You are viewing a plain text version of this content. The canonical link for it is here.
Posted to dev@nutch.apache.org by feng lu <am...@gmail.com> on 2013/01/22 06:59:15 UTC

CrawlDbFilter urlNormalizers NULL pointer

Hi all

In map method of CrawlDbFilter class, if url == null and urlNormalizers is
true, may be it will throw NullPointerExceptions .

if (urlNormalizers) {
      try {
        url = normalizers.normalize(url, scope); // normalize the url
      } catch (Exception e) {
        LOG.warn("Skipping " + url + ":" + e);
        url = null;
      }
    }
    if (url != null && urlFiltering) {
      try {
        url = filters.filter(url); // filter the url
      } catch (Exception e) {
        LOG.warn("Skipping " + url + ":" + e);
        url = null;
      }
    }

May be we can check the url null value before urlNormalizers.

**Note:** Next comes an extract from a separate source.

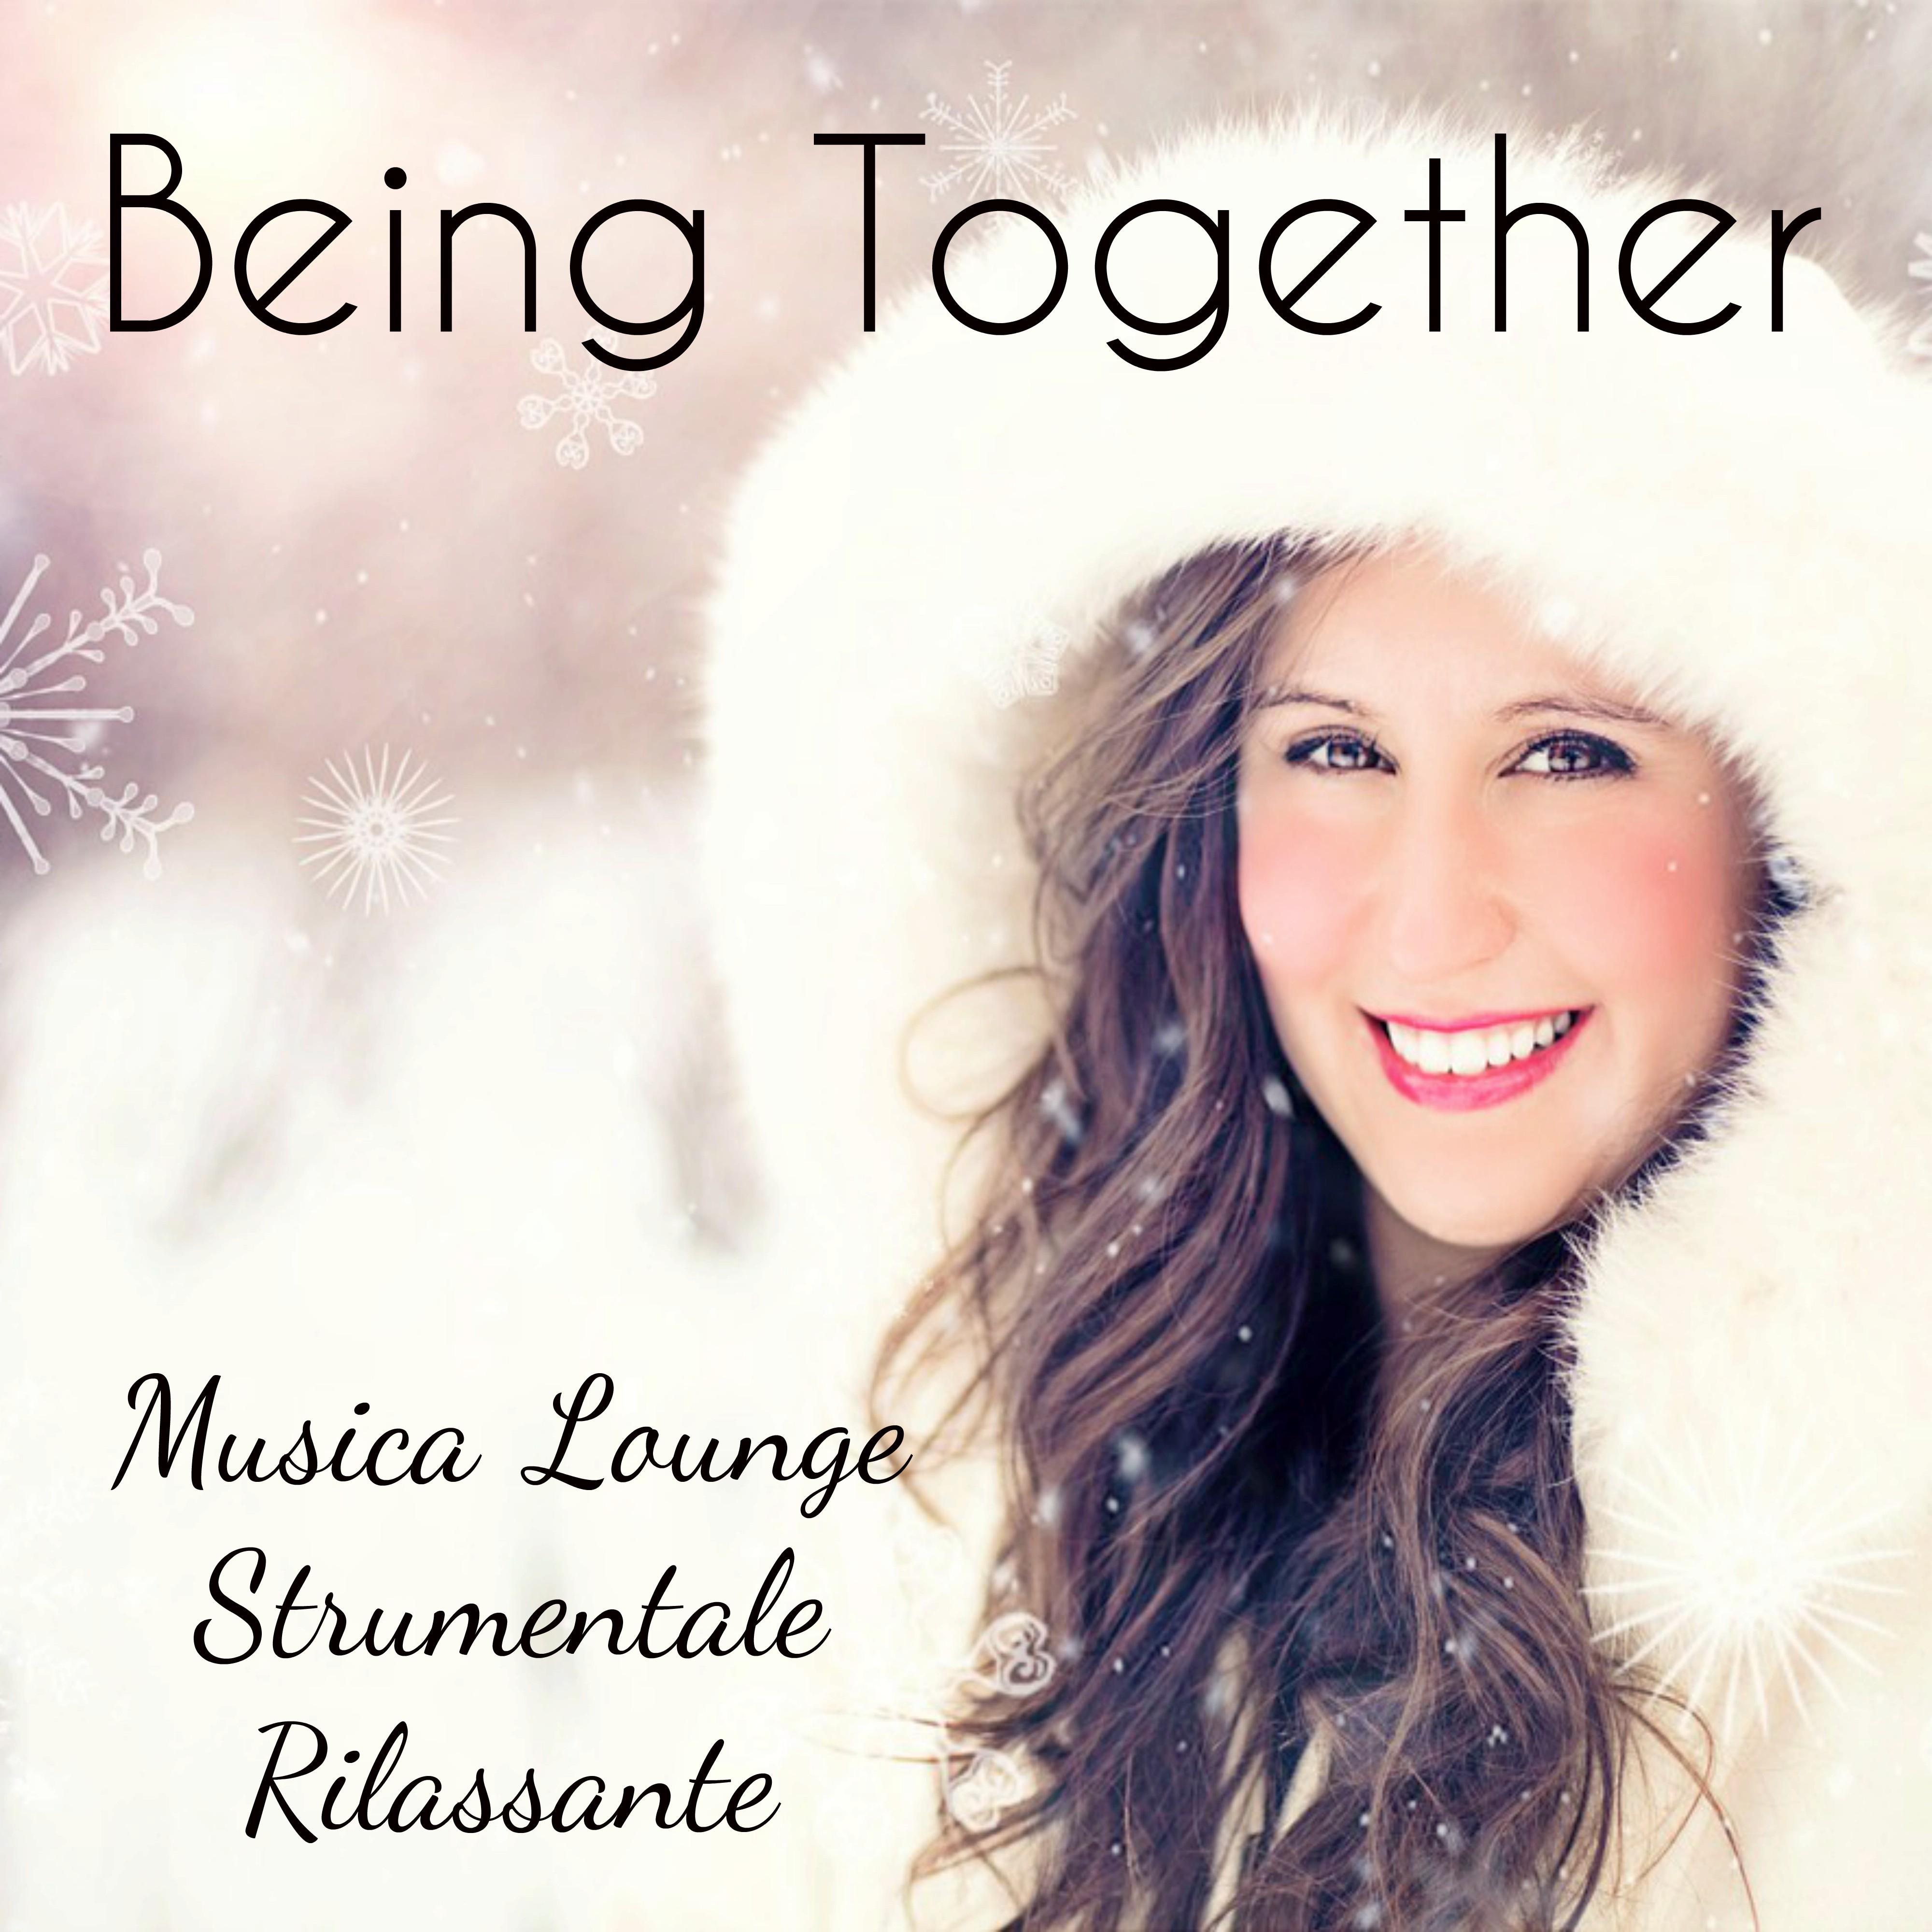 Being Together - Musica Lounge Strumentale Rilassante per Esercizi Meditazione Ridurre l'Ansia Auguri Natale con Suoni Easy Listening Soft Binaurali

if ( url != null && urlNormalizers) {
    ....
    }

-- 
Don't Grow Old, Grow Up... :-)

Re: CrawlDbFilter urlNormalizers NULL pointer

Posted by feng lu <am...@gmail.com>.
ok. i will add a issue and a trivial test case later.

thanks Lewis


On Tue, Jan 22, 2013 at 2:09 PM, Lewis John Mcgibbney <
lewis.mcgibbney@gmail.com> wrote:

> This looks like a good catch.
> Please open a ticket for it if you can. A trivial test case would also be
> great if you are able.
> Lewis
>
>
> On Monday, January 21, 2013, feng lu <am...@gmail.com> wrote:
> > Hi all
> > In map method of CrawlDbFilter class, if url == null and urlNormalizers
> is true, may be it will throw NullPointerExceptions .
> > if (urlNormalizers) {
> >       try {
> >         url = normalizers.normalize(url, scope); // normalize the url
> >       } catch (Exception e) {
> >         LOG.warn("Skipping " + url + ":" + e);
> >         url = null;
> >       }
> >     }
> >     if (url != null && urlFiltering) {
> >       try {
> >         url = filters.filter(url); // filter the url
> >       } catch (Exception e) {
> >         LOG.warn("Skipping " + url + ":" + e);
> >         url = null;
> >       }
> >     }
> > May be we can check the url null value before urlNormalizers.
> > if ( url != null && urlNormalizers) {
> >     ....
> >     }
> > --
> > Don't Grow Old, Grow Up... :-)
>
> --
> *Lewis*
>
>


-- 
Don't Grow Old, Grow Up... :-)

Re: CrawlDbFilter urlNormalizers NULL pointer

Posted by Lewis John Mcgibbney <le...@gmail.com>.
This looks like a good catch.
Please open a ticket for it if you can. A trivial test case would also be
great if you are able.
Lewis

On Monday, January 21, 2013, feng lu <am...@gmail.com> wrote:
> Hi all
> In map method of CrawlDbFilter class, if url == null and urlNormalizers
is true, may be it will throw NullPointerExceptions .
> if (urlNormalizers) {
>       try {
>         url = normalizers.normalize(url, scope); // normalize the url
>       } catch (Exception e) {
>         LOG.warn("Skipping " + url + ":" + e);
>         url = null;
>       }
>     }
>     if (url != null && urlFiltering) {
>       try {
>         url = filters.filter(url); // filter the url
>       } catch (Exception e) {
>         LOG.warn("Skipping " + url + ":" + e);
>         url = null;
>       }
>     }
> May be we can check the url null value before urlNormalizers.
> if ( url != null && urlNormalizers) {
>     ....
>     }
> --
> Don't Grow Old, Grow Up... :-)

-- 
*Lewis*